From http://docs.python.org/library/email.header.html

from email.message import Message
from email.header import Header
msg = Message()
msg['Subject'] = Header('主題', 'utf-8')
print msg.as_string()

Subject: =?utf-8?b?5Li76aGM?=

more simple:

from email.header import Header
print Header('主題', 'utf-8').encode()

=?utf-8?b?5Li76aGM?=

as complement decode may made with:

from email.header import decode_header
a = decode_header("""=?utf-8?b?5Li76aGM?=""")[0]
print(a[0].decode(a[1]))

Reference: Python - email header decoding UTF-8

Sérgio
  • 6,966
  • 1
  • 48
  • 53
  • 1
    Note that this uses the [`email.message.Message`](https://docs.python.org/3/library/email.compat32-message.html#compat32-message) API, which was superseded by `email.message.EmailMessage` in Python 3.6. With the new API you must assign a string: `msg['Subject'] = 'unicode string'`, as [assigning Header objects is not supported](https://bugs.python.org/issue21095). In my experience as of 3.7.3 the "legacy" API works better - some encoding bugs are fixed in 3.8 – Nickolay Jun 21 '19 at 10:41
  • Thanks for head up – Sérgio Jun 21 '19 at 17:21
8

The subject is transmitted as an SMTP header, and they are required to be ASCII-only. To support encodings in the subject you need to prefix the subject with whatever encoding you want to use. In your case, I would suggest prefix the subject with ?UTF-8?B? which means UTF-8, Base64 encoded.

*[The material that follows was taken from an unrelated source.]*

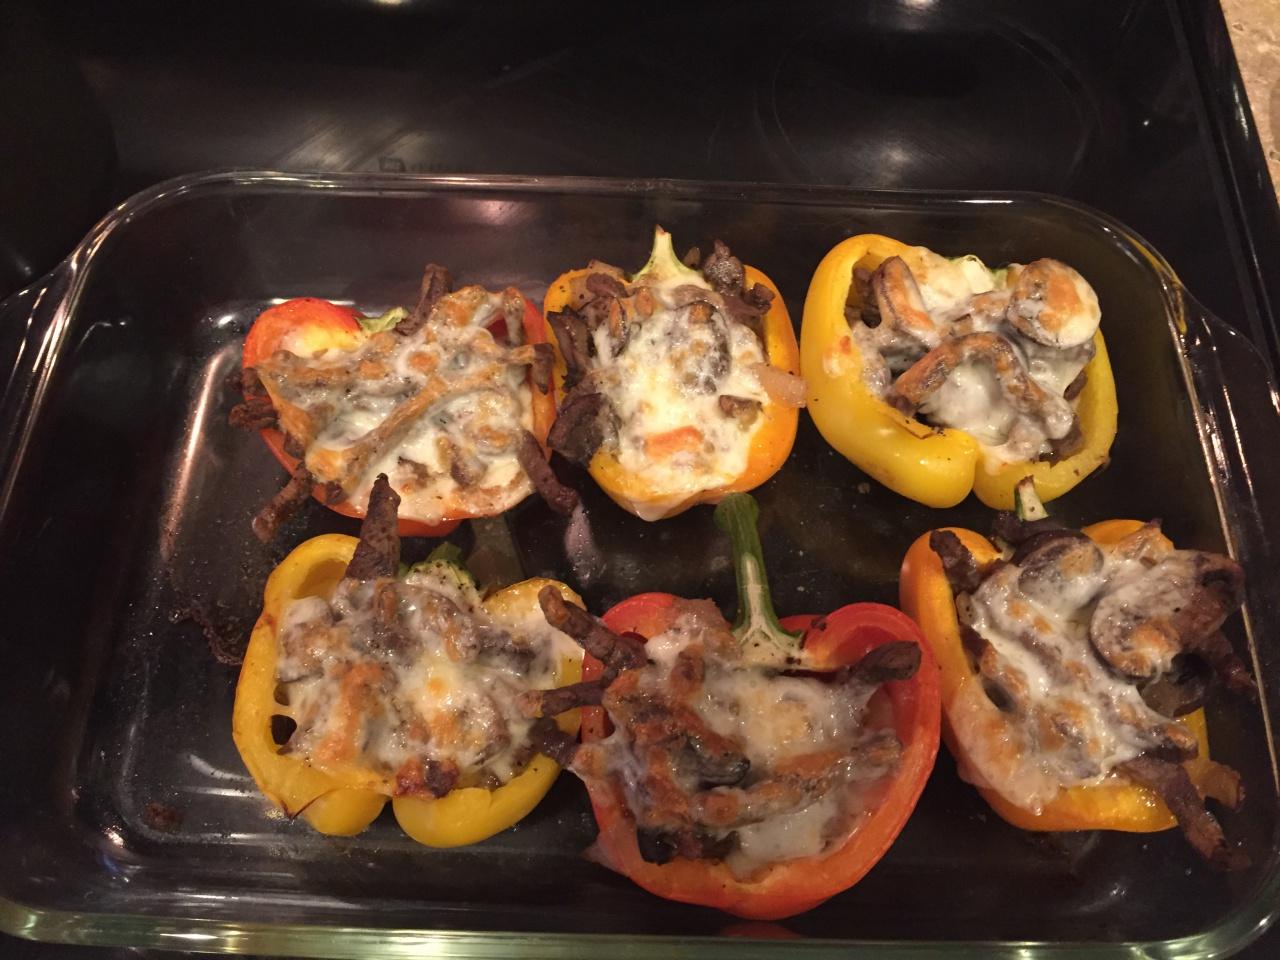 Philly cheesesteak stuffed peppers-48b8ed23-1d36-48d2-aa5f-e5a67aa2e889-jpg

In other words, I believe your subject header should more or less look like this:

Subject: =?UTF-8?B?JiMyMDAyNzsmIzM4OTg4Ow=?=

In PHP you could go about it like this:

// Convert subject to base64
$subject_base64 = base64_encode($subject);
fwrite($smtp, "Subject: =?UTF-8?B?{$subject_base64}?=\r\n");

In Python:

import base64
subject_base64 = base64.encodestring(subject).strip()
subject_line = "Subject: =?UTF-8?B?%s?=" % subject_base64
Jimm Chen
  • 3,411
  • 3
  • 35
  • 59
AHM
  • 5,145
  • 34
  • 37
  • 1
    i'll try this, meantime is there any python api to convert to above format. i.e. automatically append the characters based on required encoding – Rakesh Aug 02 '11 at 14:13
  • 1
    I'm not sure - I just remembered that part from when I was messing around with this issue a while ago. [This answer](http://stackoverflow.com/questions/5910104/python-how-to-send-utf-8-e-mail#answer-5910530) seems to suggest that it is done right if you use the MIMEMultipart class instead of MimeWriter. – AHM Aug 02 '11 at 14:27
  • 2
    you should look up here [how to generate internationalized headers](http://docs.python.org/library/email.header.html) – mata May 20 '12 at 21:39
1

In short, if you use the EmailMessage API, you should code like this:

from email.message import EmailMessage
from email.header import Header
msg = EmailMessage()
msg['Subject'] = Header('主題', 'utf-8').encode()

Answer from @Sérgio cannot be used in the EmailMessage API, cause only string object can be assigned to EmailMessage()["Subject"], but not an email.header.Header object.

C.K.
  • 1,409
  • 10
  • 20